Three hospitalised after eating laundry pods during Taiwan election

Three people have reportedly been rushed to hospital after mistakenly eating laundry detergent pods.

The colourful pods were handed out for free during Taiwan’s presidential election campaign, with one victim sharing she accidentally mistook them as sweets, the Central News Agency reported.

The pods were wrapped in clear packaging which stated they can wash up to eight kilograms of clothes, and included images of Nationalist Party candidate Hou Yu-ih and his running mate.

“Vote for No. 3,” was also written on the package, referencing Mr Hou’s place on the ballot paper.

An 80-year-old man and an 86-year-old woman were among those hospitalised after ingesting the pods, of which 460,000 were distributed to voters.

The pair were later released after having their stomachs flushed, according to media reports.

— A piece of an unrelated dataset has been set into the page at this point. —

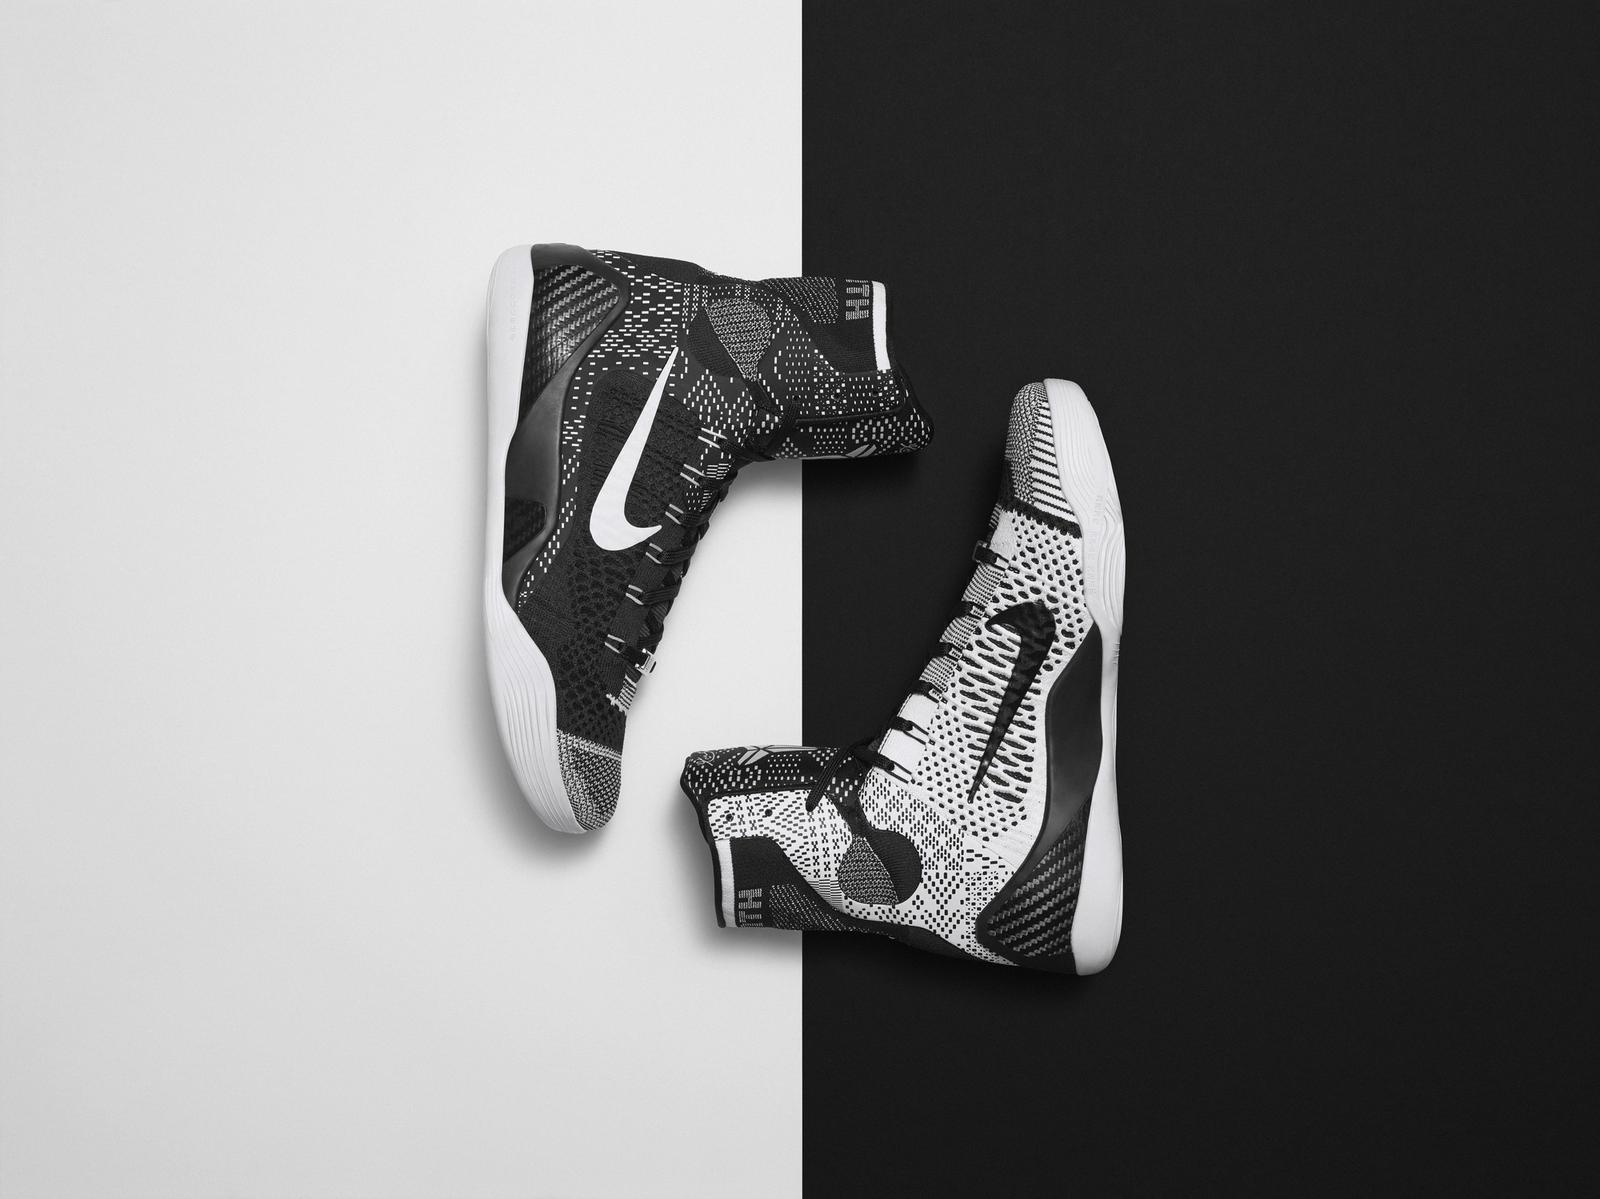 Nike_SP15_BHM_FTWR_KOBE_Final

Hung Jung-chang, the head of the Nationalist campaign office in central Taiwan, apologised for the incident, saying they will not give away pods in upcoming campaign visits.

“In the next wave of house-to-house visits, we will not distribute this kind of campaign material,” Mr Hung said in a video aired on SET iNews

“We will also stress to our villagers through our grassroots organisations that they are laundry balls, not candies.”

Taiwan’s three-way presidential election is just days away, with voters taking to the polls on Saturday to decide between Mr Hou, font-runner Lai Ching-te of the governing Democratic Progressive Party and Ko Wen-je of the Taiwan People’s Party.

The election will be closely watched from Beijing to Washington as voters choose a new leader to steer the self-ruled island in the face of an increasingly assertive Beijing.

China claims Taiwan as part of its territory, rejecting the ruling Democratic Progressive Party (DPP) government’s stance that the island is “already independent”.

Taiwan issues alert over China satellite

Earlier this week, Taiwan island issued a national emergency alert as China launched a satellite days out from the election.

The alert on Tuesday came hours after Lai Ching-te accused Beijing of using “all means” to influence this weekend’s poll, which will set the course of cross-strait ties for the next four years.

Phones across Taiwan blared with a “presidential alert” at about 3:15pm (0715 GMT), around the time Beijing announced the successful launch of its Einstein Probe satellite, which it says will gather astronomical data.

“China launched (a) satellite which flew over the southern airspace,” said Taiwan’s alert in Chinese, urging the public to stay safe.

The English part of the message described it as an “air raid alert” warning of a “missile flyover Taiwan airspace”, but officials said this was a mistranslation.

The defence ministry later apologised for the mistake, saying the default message in English had not been updated.

Foreign Minister Joseph Wu was giving a news conference about the elections when the alert message buzzed on mobile phones, interrupting his address.

He explained that the alert was issued because of possible falling “debris”. “When a rocket is openly flying in our sky, some of their tubes or debris will fall in this region,” Mr Wu told reporters.

He said the launch was part of a pattern of “grey zone” activities by Beijing aimed at intimidating Taiwan.

“With this kind of threat against Taiwan, I think we should be clear-eyed, we should not be provoked.”